Каждая из трех книг, которые читала Симона, по-своему толковала те мотивы, какими, вероятно, руководствовался комендант де Флави, когда он отдал приказ запереть ворота и поднять мост. Вполне возможно, говорилось в одной из книг, он сделал это по деловым, тактическим соображениям, видя, что противник преследует его солдат по пятам и может ворваться в город. По версии, которой придерживалась вторая книга, комендант отдал свой приказ именно с целью погубить Деву, — по всей вероятности, он исполнял полученное указание: избавиться от Девы при первом удобном случае. В старинной зачитанной блекло-золотой книжке преданий и легенд говорилось просто: "Дева благодаря своей храбрости достигла моста. Но жестокий Гийом де Флави, завидовавший ее славе, приказал поднять мост".

Как бы там ни было, Жанна осталась вне городских стен, и с ней было не больше десятка ее солдат, англичане же и бургундцы наседали со всех сторон, пока наконец не окружили ее. Один схватил ее за мантию, другой стащил с лошади. Хотя надежды не было никакой, она, стоя на земле, продолжала сражаться, пока не была обезоружена и взята в плен.

3. ЗОВ СВОБОДЫ

Симона, в своем заношенном комбинезоне, в широкополой соломенной шляпе, вся перепачканная от работы в саду, стояла на камне у стены и все глядела и глядела на дорогу. В последние дни она делала это больше для успокоения совести, на всякий случай — она почти потеряла надежду, что кто-либо из ее друзей навестит ее.

Со стороны города, вдали, показалась движущаяся точка — кто-то приближался, по-видимому велосипедист. Едва теплившаяся надежда Симоны вспыхнула ярким светом. Горячо желала она, чтобы это был наконец-то кто-либо из дорогих ей людей. Велосипедист приближался. Симона еще ничего не могла различить, но ока уже твердо знала, что это друг, — ей так этого хотелось, что иначе и быть не могло.
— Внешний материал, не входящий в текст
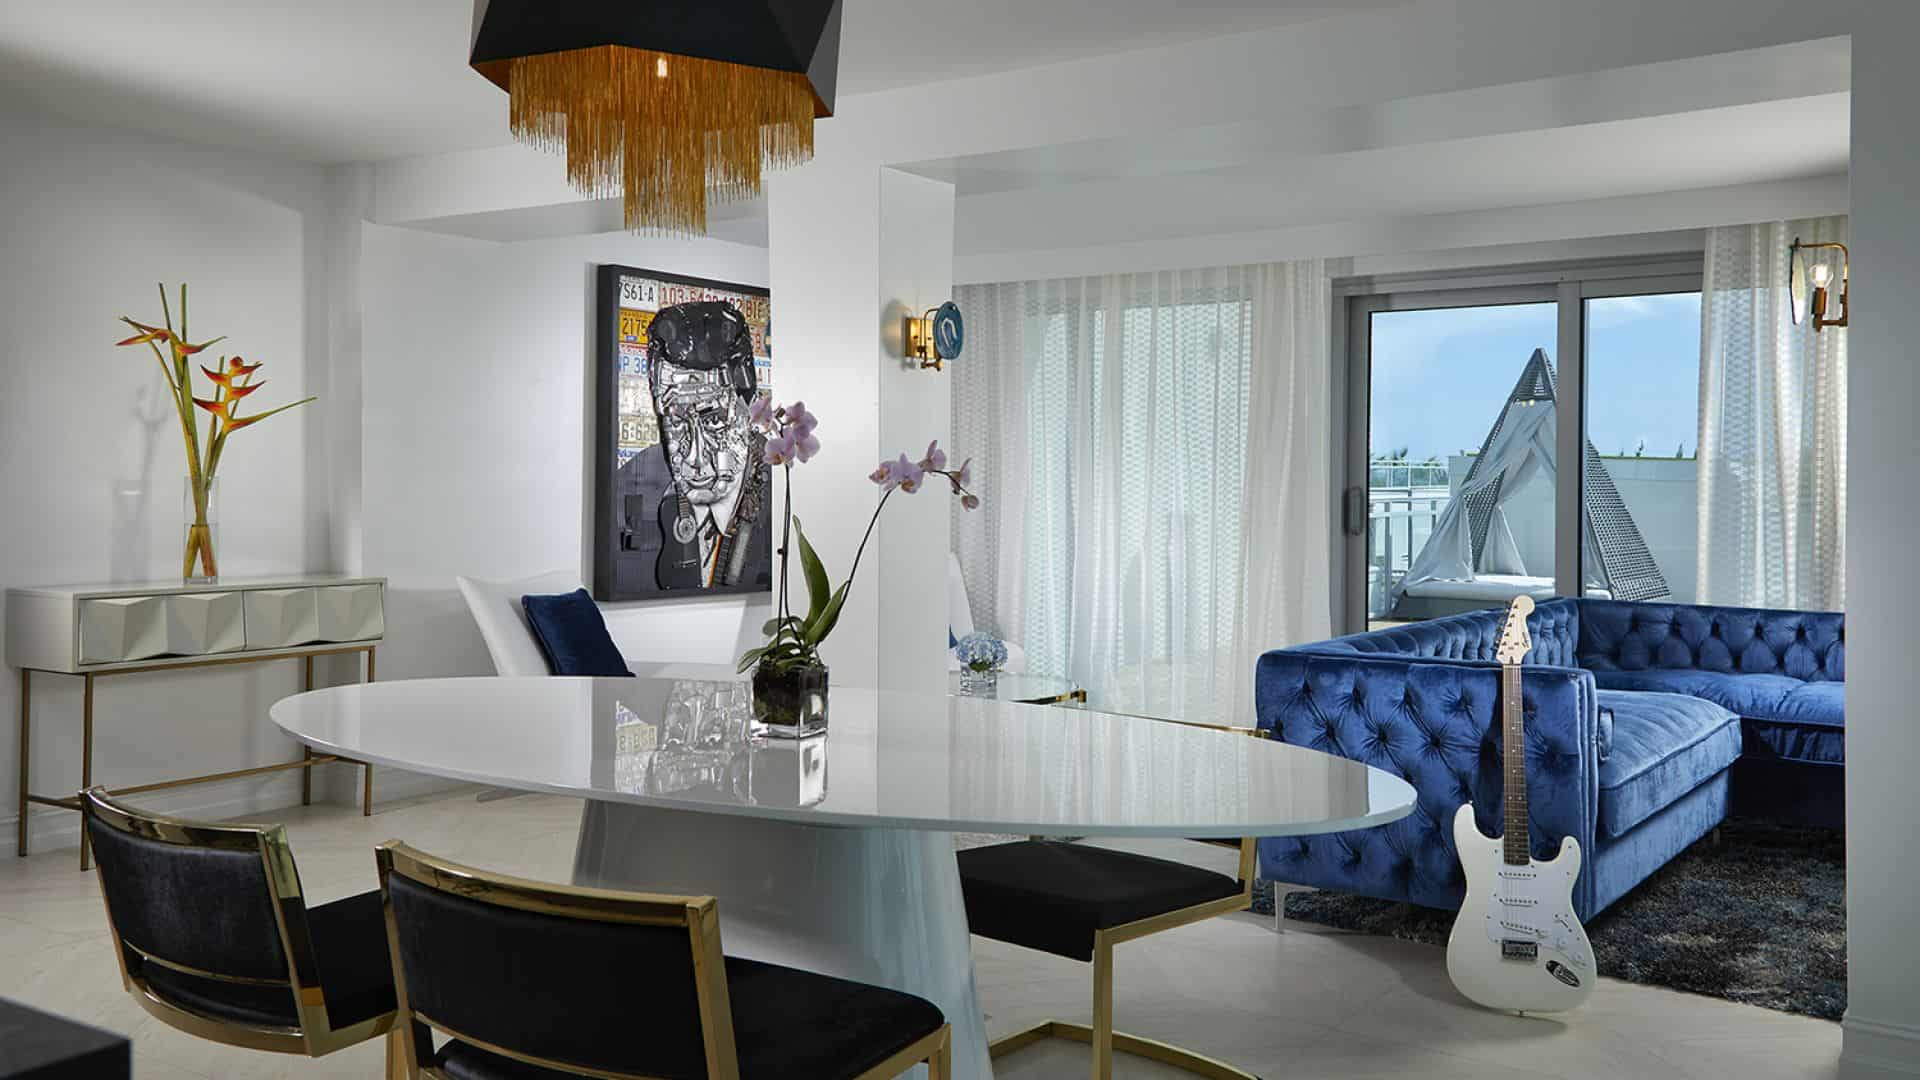 image of Hard Rock Hotel Daytona Beach

Велосипедист быстро приближается, дорога и время расступаются перед его стремительным движением, на нем кожаная куртка; неподалеку от стены он соскакивает с велосипеда, пересекает наискосок дорогу, он улыбается во весь рот, одной рукой придерживает велосипед, другой подбоченивается. Он говорит:

— Ну, вот и я.

Симона, едва не теряя сознания от радости и волнения, хочет ответить, но из горла вырывается только что-то хриплое, нечленораздельное. Она стоит на своем камне, высоко подняв руки, цепляясь за край каменной ограды. Ограда высокая, только лицо Симоны выглядывает из-за нее. Это очень выразительное лицо, по нему видно, как Симона взволнована.
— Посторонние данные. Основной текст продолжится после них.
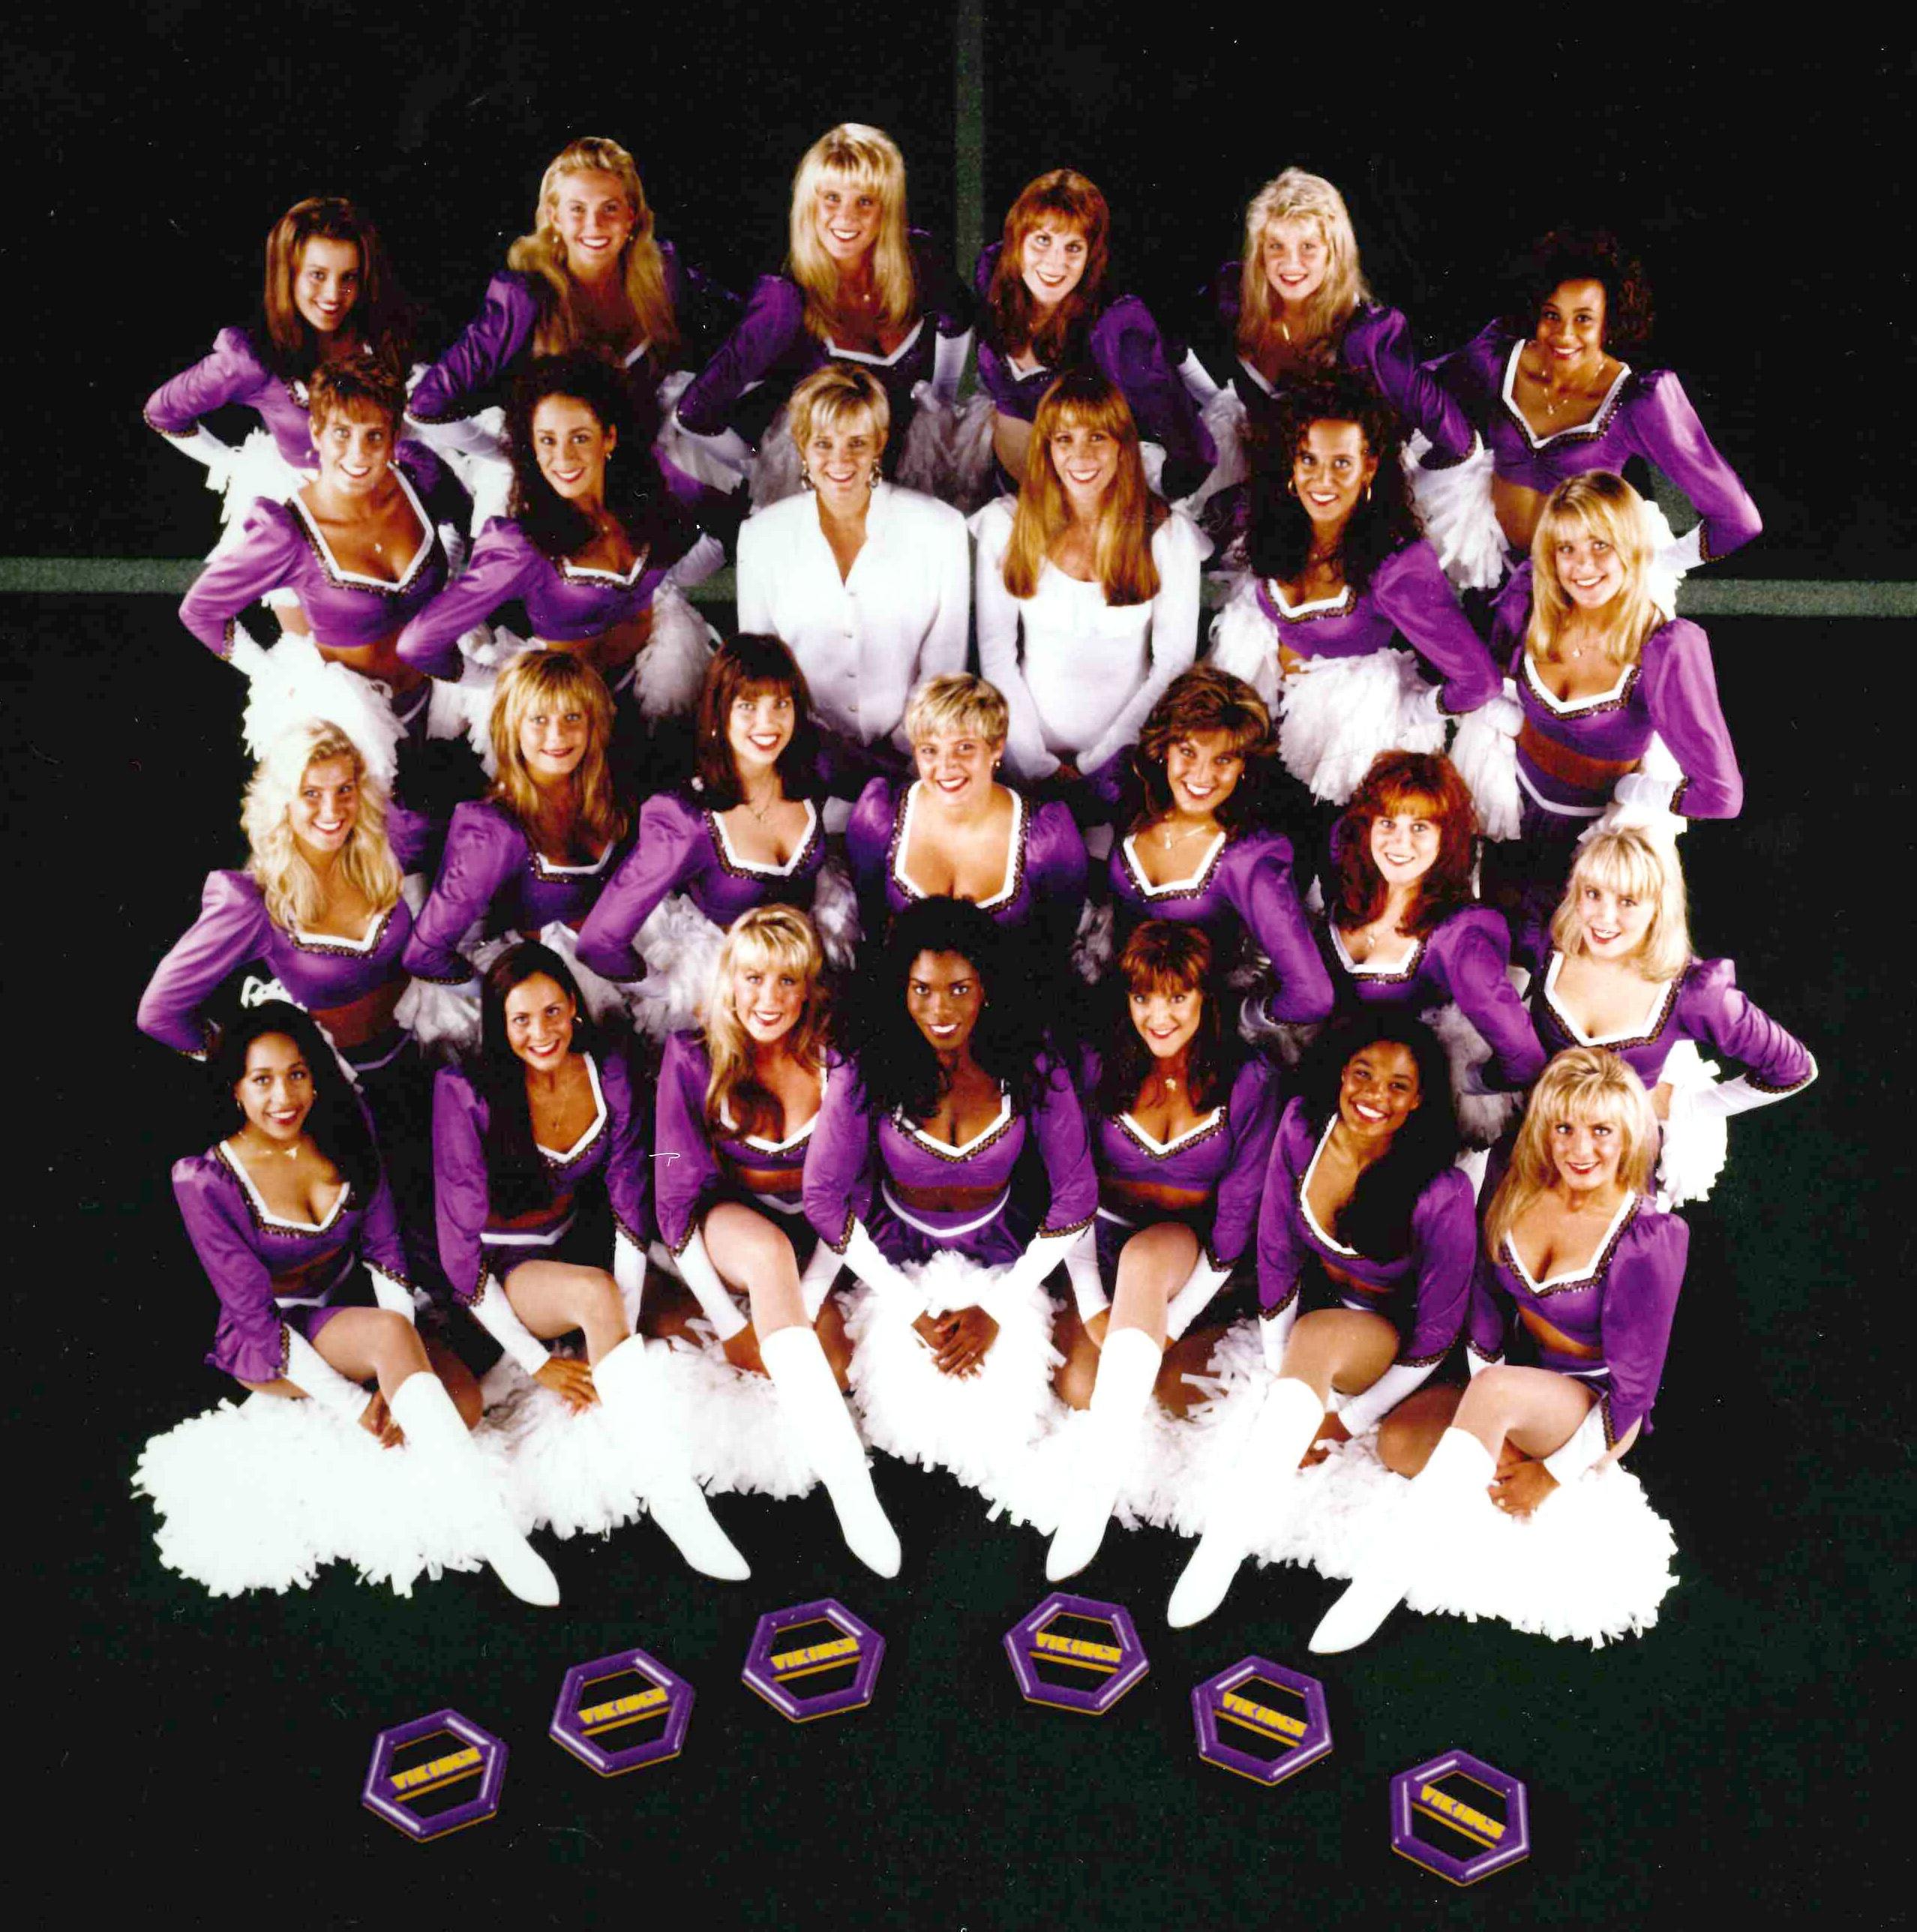 minnesota vikings cheerleaders throwback uniform

Он смотрит на Симону, задрав голову вверх. Потом говорит:

— Пожалуй, так неуютно, а? Не взобраться ли мне к тебе? А может, ты спустишься сюда? Очень страшно, если нас здесь застукают?
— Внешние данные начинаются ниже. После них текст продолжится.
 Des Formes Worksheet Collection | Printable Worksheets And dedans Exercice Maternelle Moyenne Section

Она медлит с ответом. Конечно, страшно, но ей необходимо поговорить с ним, и времени у нее в обрез; их действительно могут застать здесь, а ей нужно о стольком расспросить его, даже не знаешь, с чего начать. И еще она непременно должна сказать, как она ему бесконечно благодарна и как рада, что он пришел, а отсюда, сверху, когда только голова ее едва-едва высовывается над оградой, действительно не поговоришь, да и долго так не простоишь, у нее уже и сейчас онемели руки.



Но раньше чем она успевает взвесить все, он уже наверху. И вот он сидит на ограде, ноги его по ту сторону, так что в любую минуту он может соскочить и улепетнуть, и теперь его смеющееся лицо над ее лицом, и так уже можно разговаривать.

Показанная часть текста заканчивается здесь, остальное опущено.